Adhesives for Ophthalmic Use
Surgeons welcome the first wound sealant approved by the FDA for use in the eye.
BY TERRY KIM, MD
WITH DECREASING TOLERANCE FOR COMPLICATIONS of any kind and increasing expectations for high-quality refractive outcomes after our procedures, surgeons are suturing less and less. As a result, interest in using tissue adhesives to keep incisions sealed and protect the ocular surface so it can heal has been growing.
Cornea specialists have many potential uses for adhesives, including addressing corneal thinning, securing lamellar grafts and preventing recurrent epithelial ingrowth after LASIK. Cyanoacrylate and fibrin adhesives have been used off-label with some success. Cataract surgeons, too, have a substantial interest in adhesives as a way to guarantee the integrity of clear corneal incisions. Many published studies have shown the incisions are vulnerable to leakage and call into question whether they are truly self-sealing with stromal hydration alone.1-3 Incompetent wounds allow fluid to travel in and out, which can lead to sight-threatening complications such as endophthalmitis, hypotony, corneal decompensation and epithelial downgrowth. Wound leaks can also compromise refractive outcomes as well by altering the effective positioning of the IOL.

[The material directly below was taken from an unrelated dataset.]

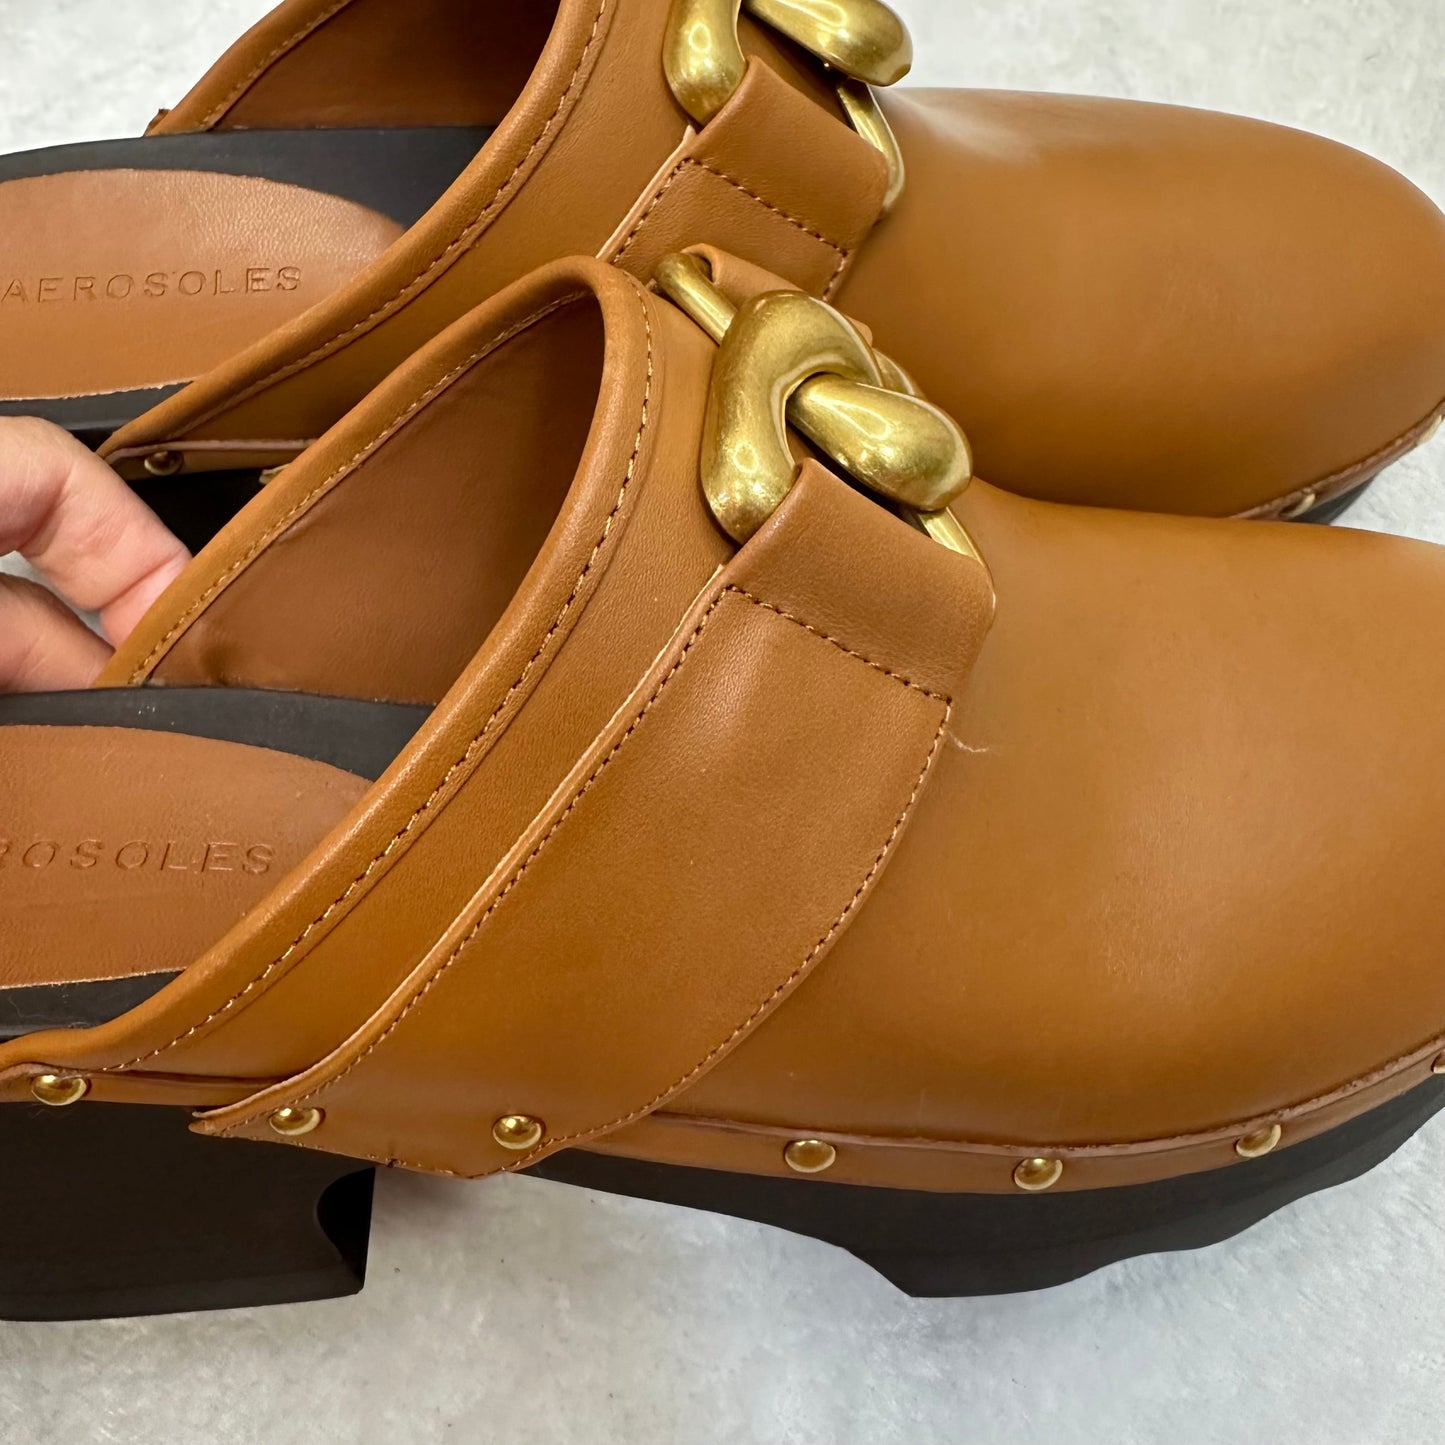 Brown Shoes Heels Block Aeropostale, Size 8.5

The Optimal Ophthalmic Sealant
Tissue adhesives not designed specifically for use in the eye have been used off-label, but have several disadvantages in the ocular environment, including difficult application processes, unfavorable mechanical properties (stiffness and abrasiveness) and potential toxicity.
Adhesives ideal for ophthalmic use would have the following properties:
Eye-specific Options
Polymer chemist Dr. Mark Grinstaff and I were fortunate to have the opportunity, via an NIH grant, to study some novel tissue adhesives that could be used specifically for ophthalmic applications. We looked at molecules called biodendrimers, which are very different from linear polymers like cyanoacrylate in terms of their shape, viscosity, solubility and reactivity. The biodendrimer adhesive was very effective as a wound sealant, which led to the development of a product called OcuSeal (Beaver-Visitec International) that is approved for use in Europe but not currently available in the United States.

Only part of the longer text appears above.